**The task**
Your reply should reproduce each line below exactly and carry none of the pictures.
Data excerpts: Begin
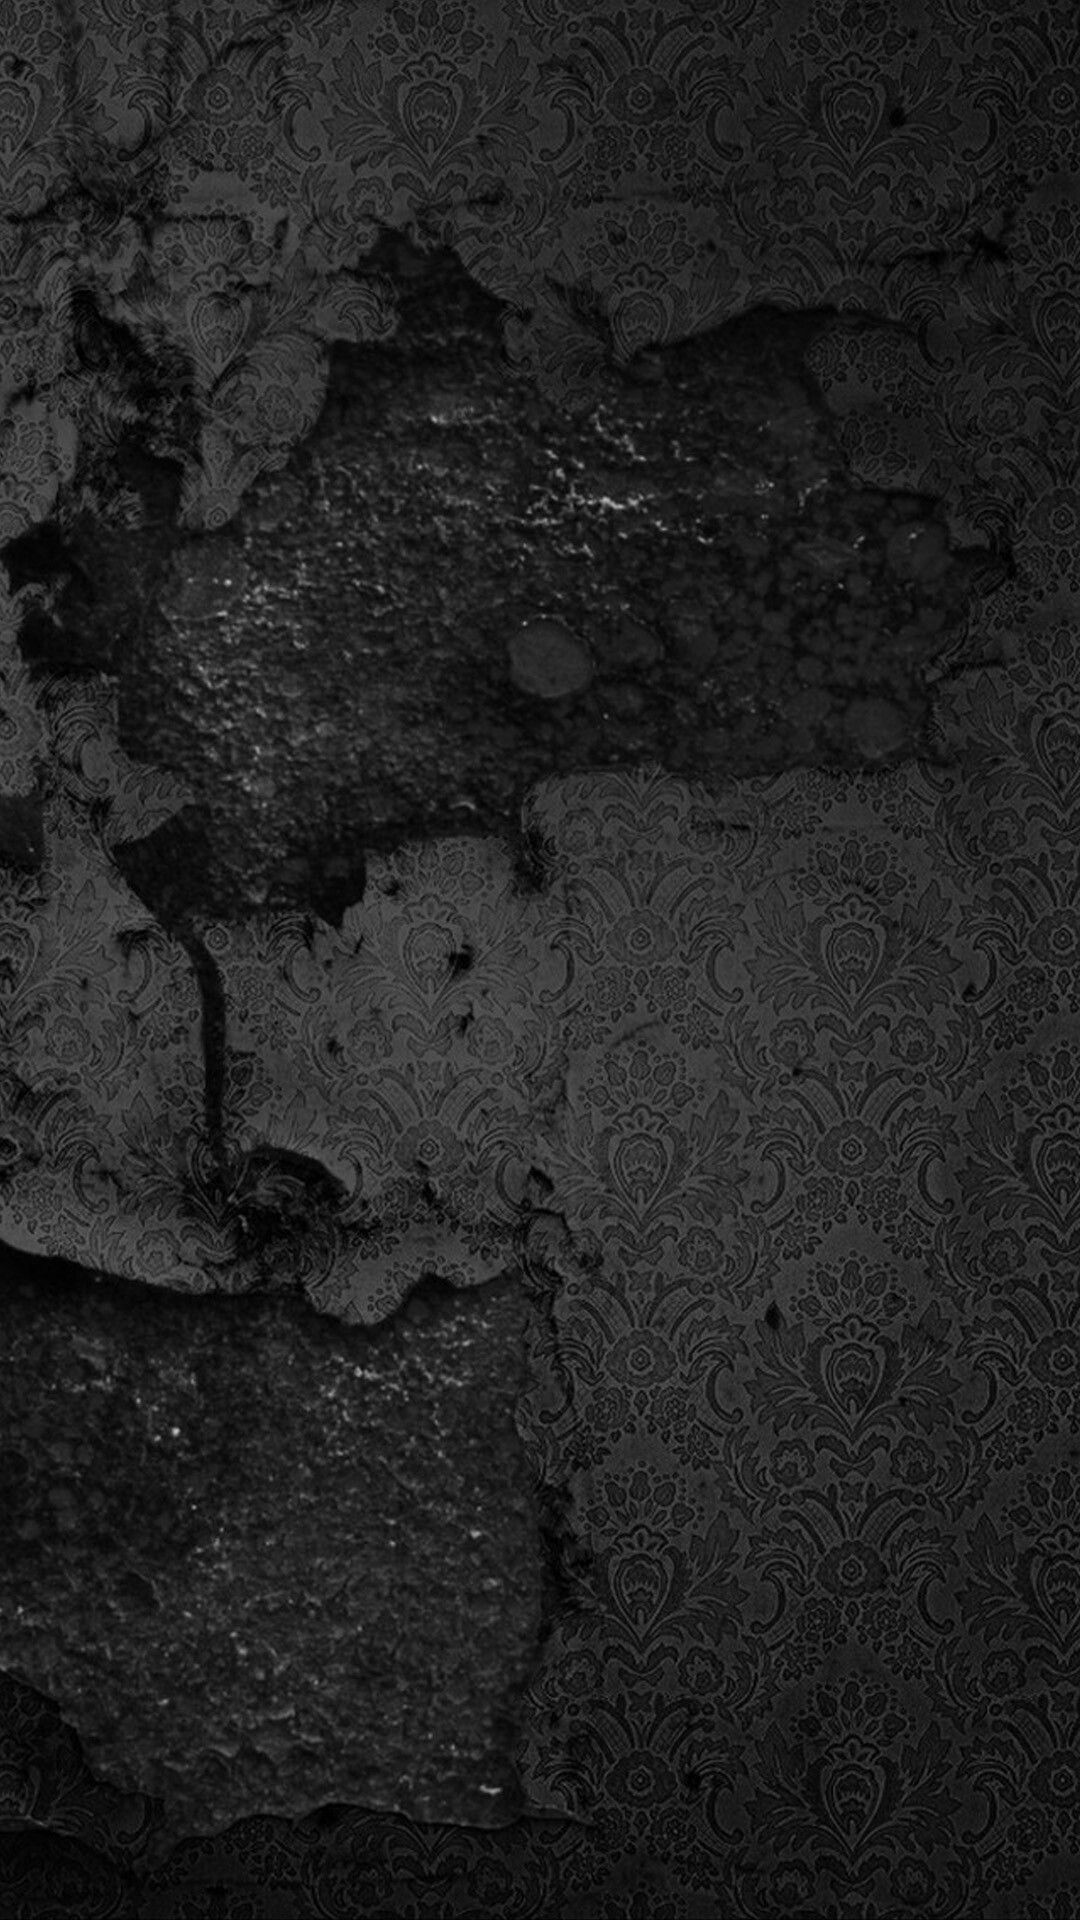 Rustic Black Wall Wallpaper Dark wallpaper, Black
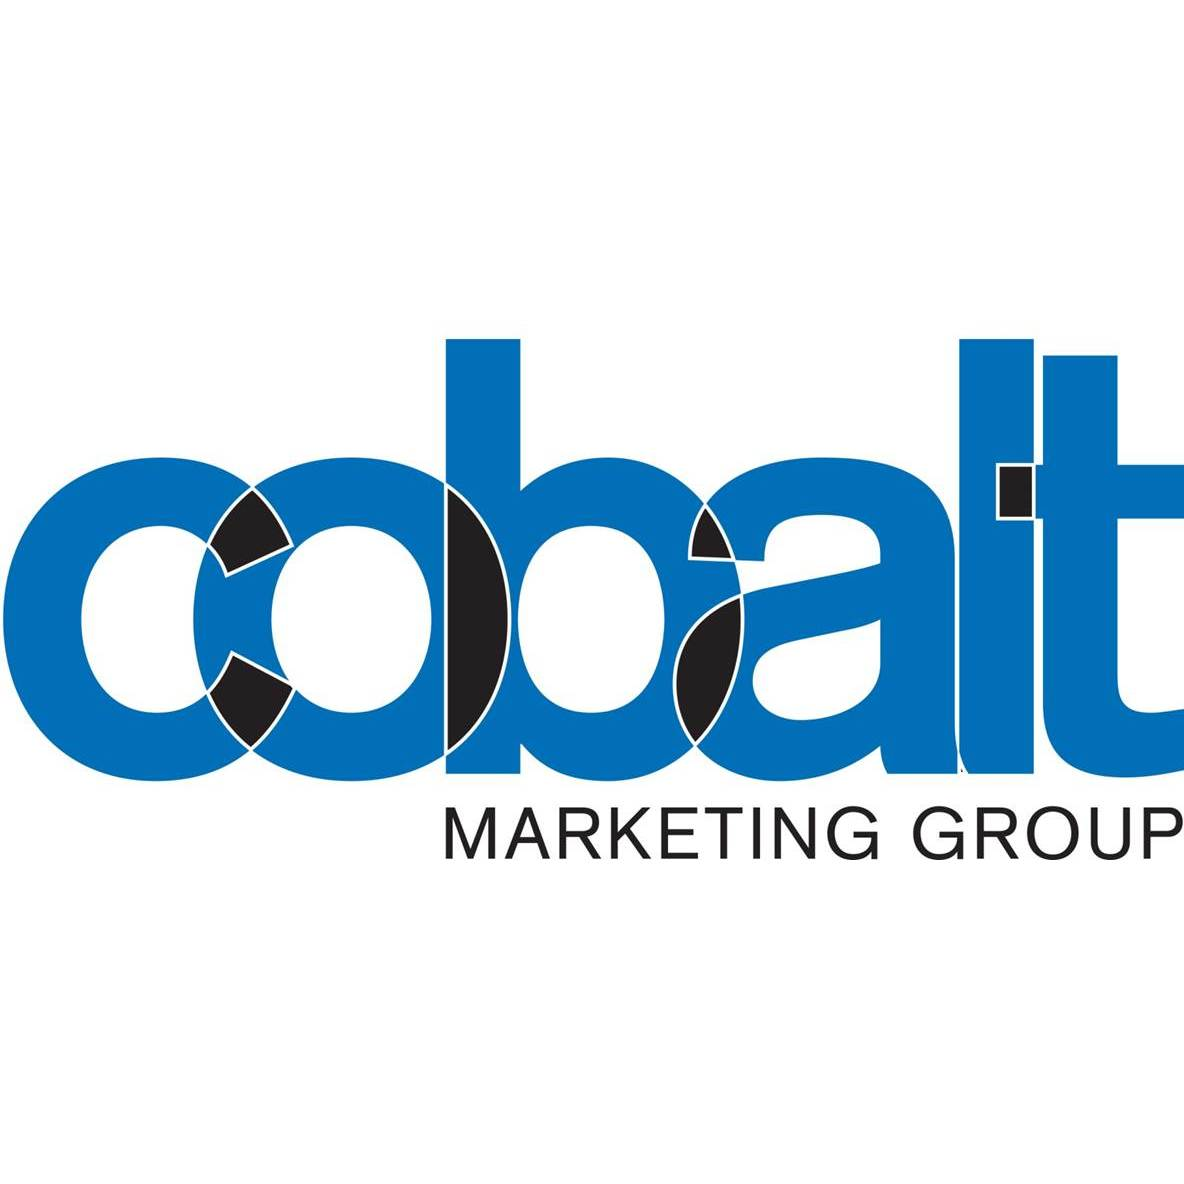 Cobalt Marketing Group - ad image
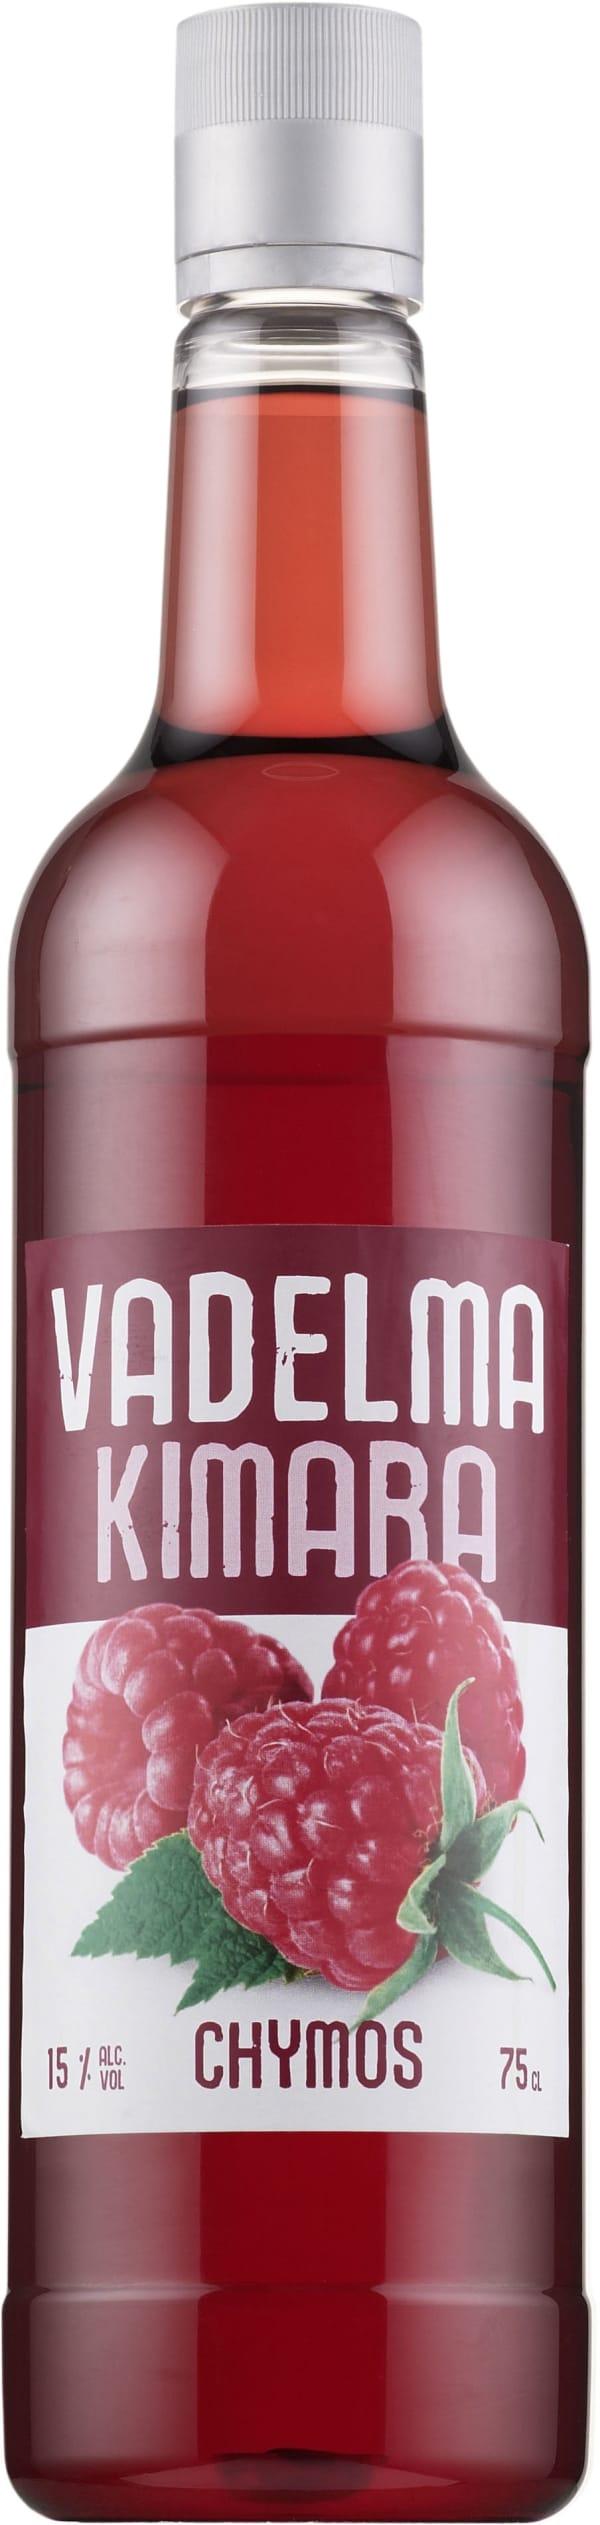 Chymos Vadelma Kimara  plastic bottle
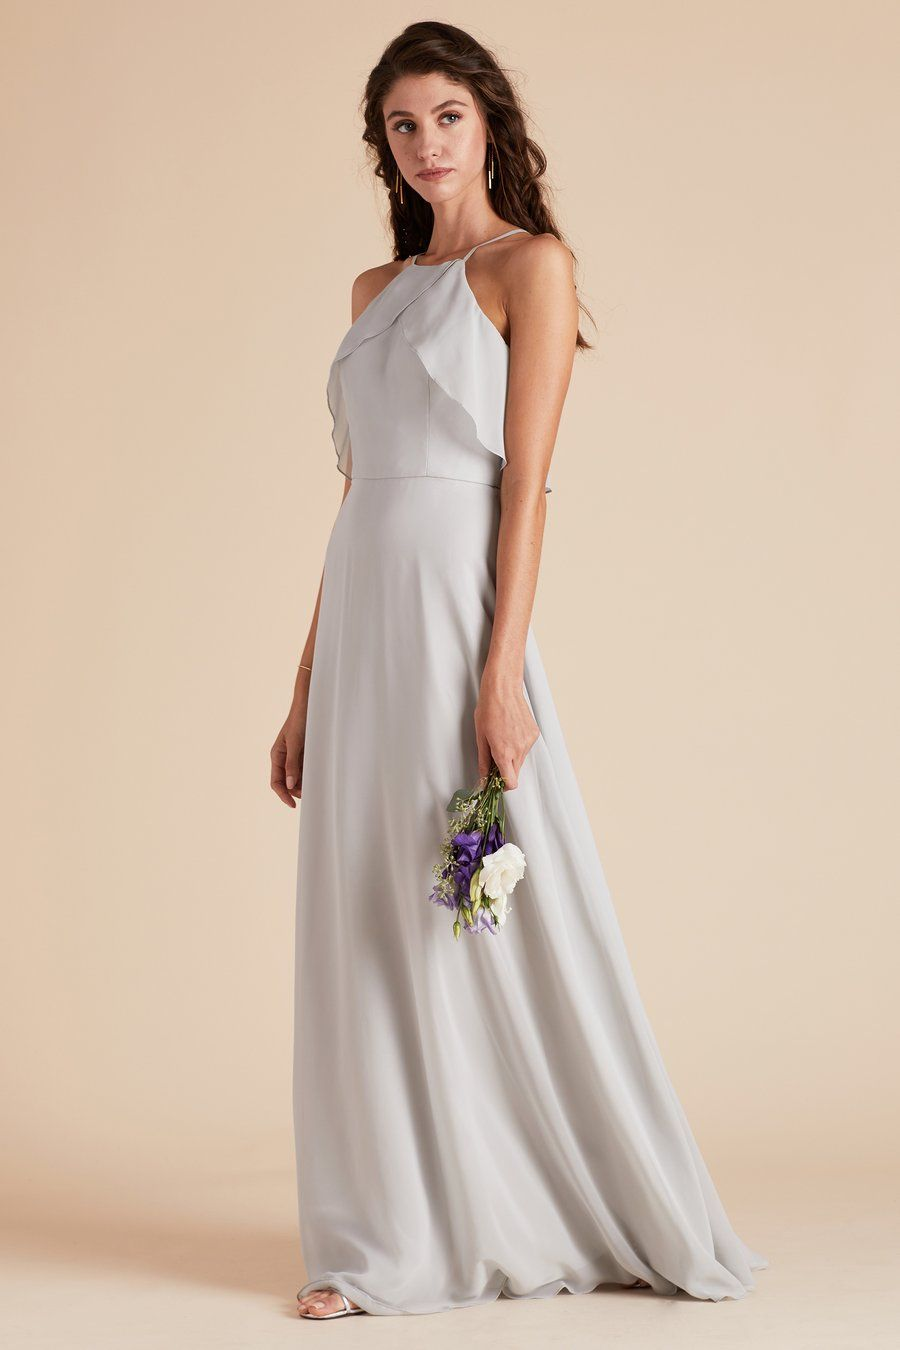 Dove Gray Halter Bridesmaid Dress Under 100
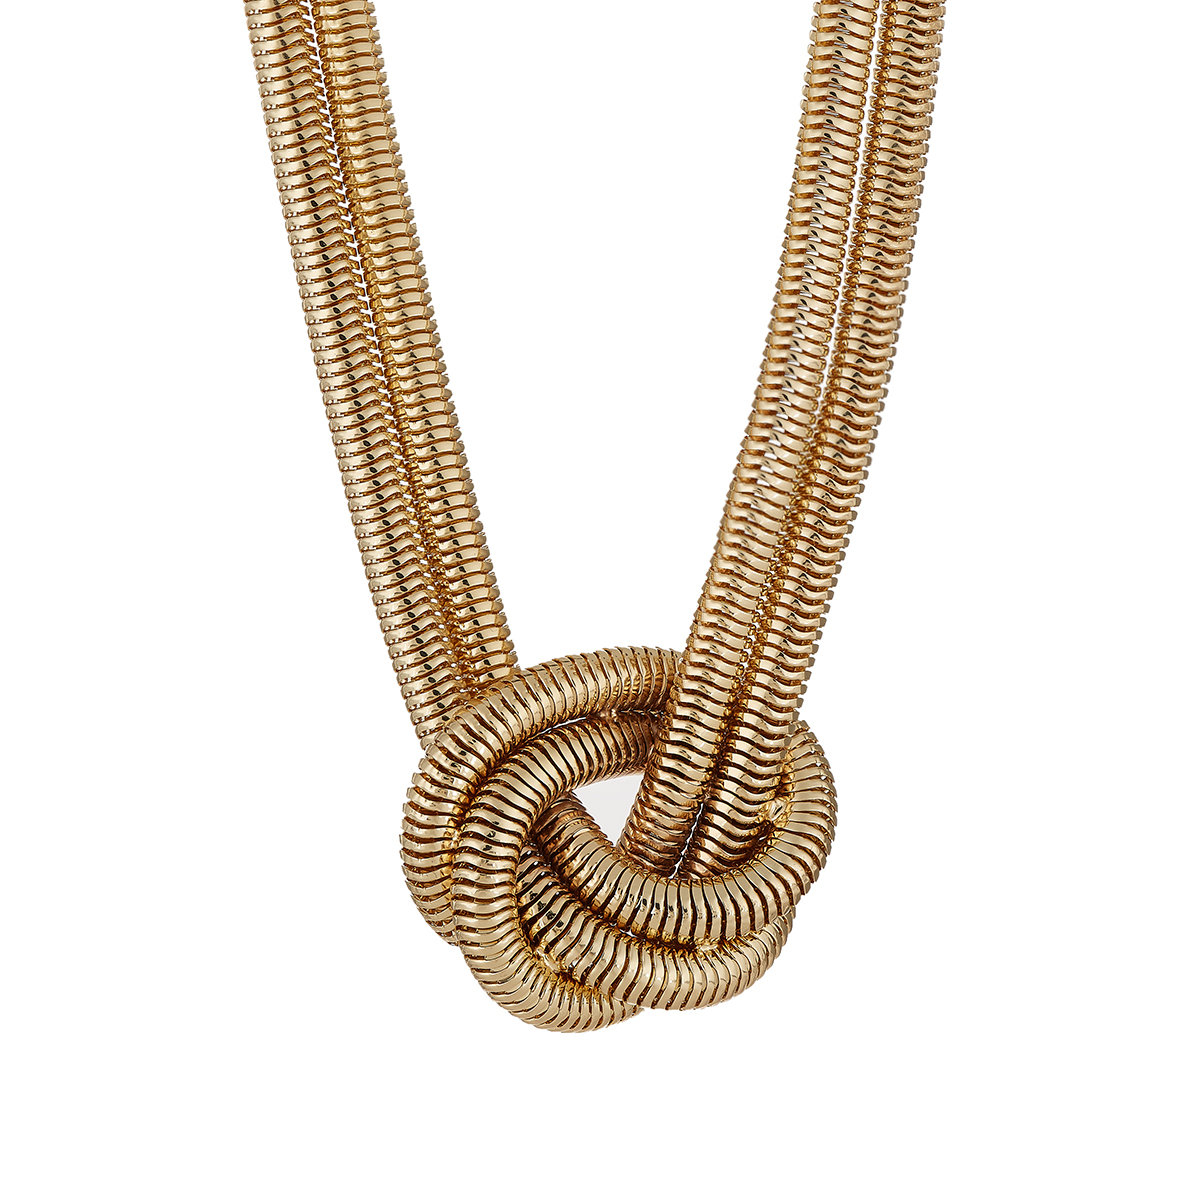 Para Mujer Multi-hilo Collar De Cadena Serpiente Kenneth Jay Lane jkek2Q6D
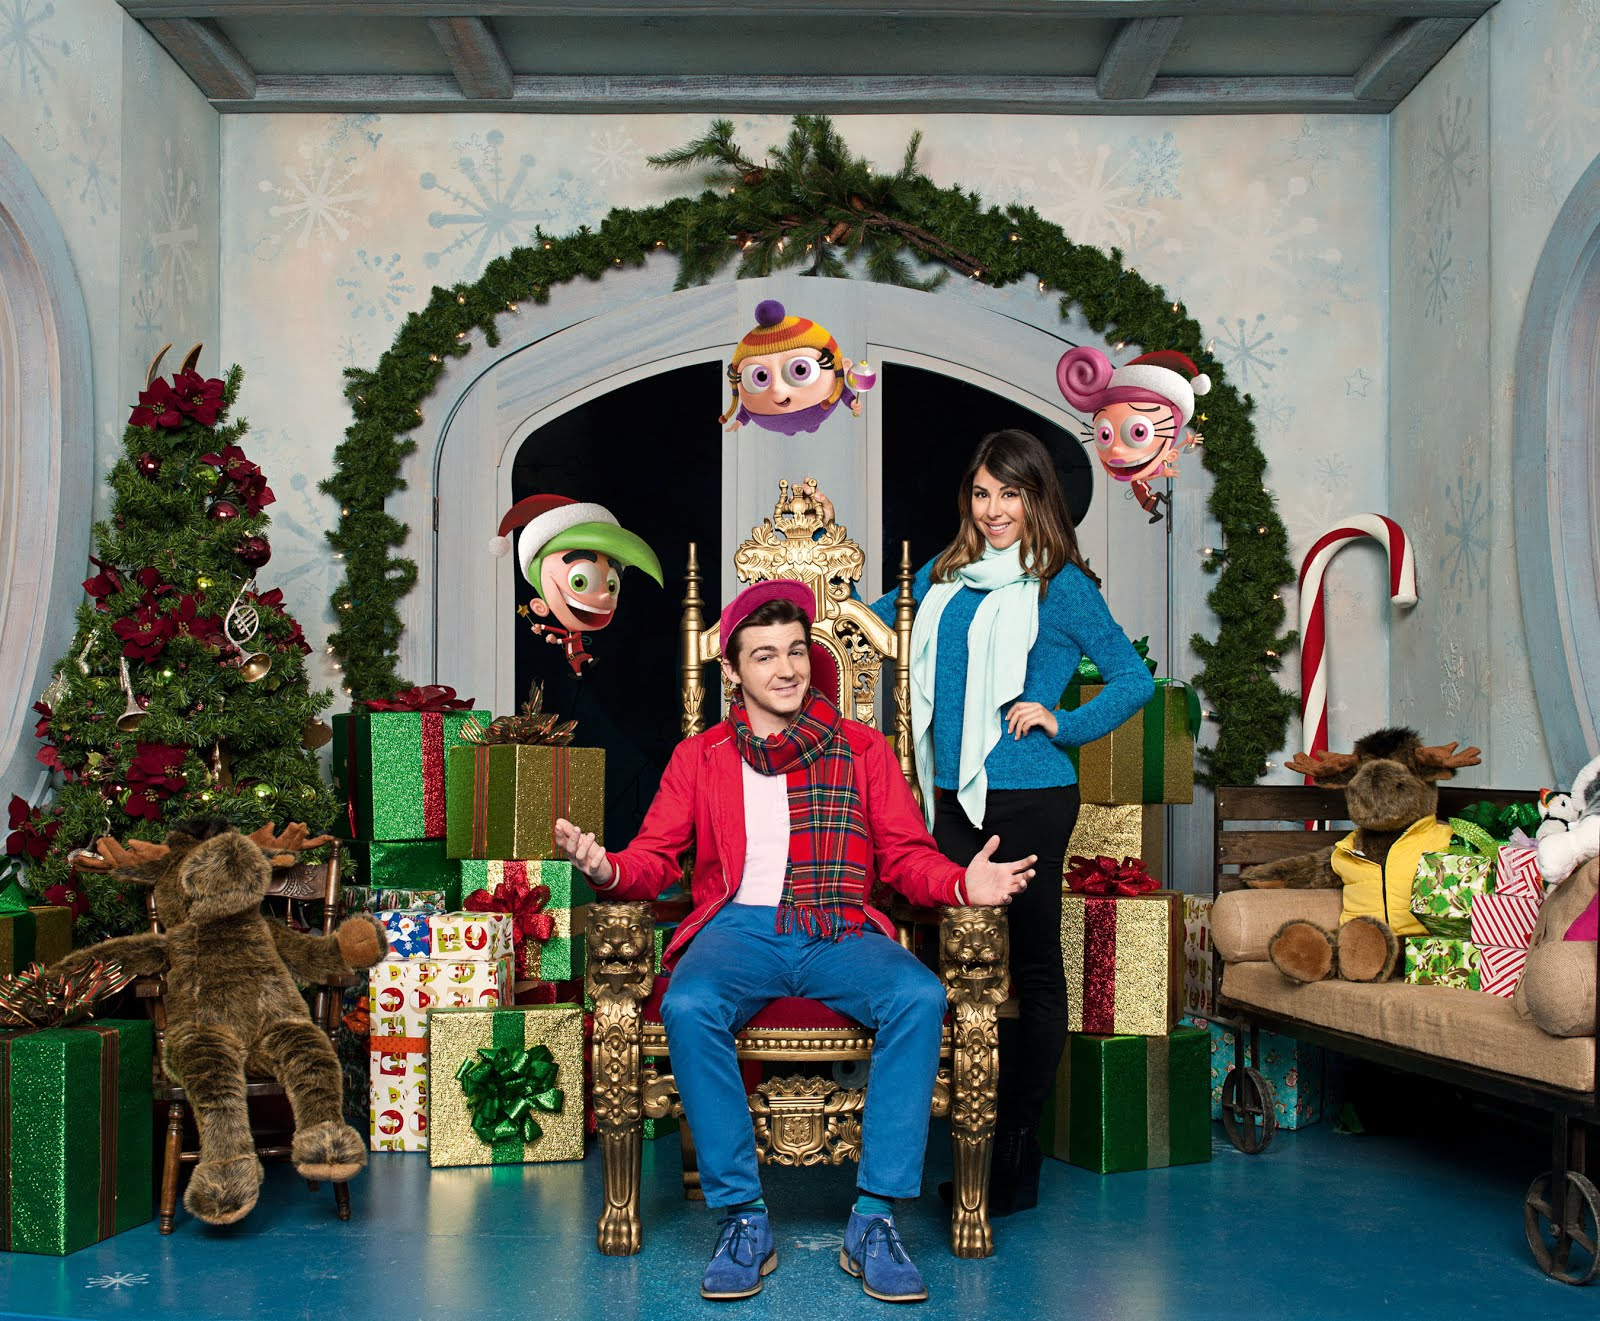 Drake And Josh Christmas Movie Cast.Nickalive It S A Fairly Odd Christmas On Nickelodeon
Data excerpts: End
**Result of this task**
 Rustic Black Wall Wallpaper Dark wallpaper, Black
 Cobalt Marketing Group - ad image
 Chymos Vadelma Kimara  plastic bottle
 Dove Gray Halter Bridesmaid Dress Under 100
 Para Mujer Multi-hilo Collar De Cadena Serpiente Kenneth Jay Lane jkek2Q6D
 Drake And Josh Christmas Movie Cast.Nickalive It S A Fairly Odd Christmas On Nickelodeon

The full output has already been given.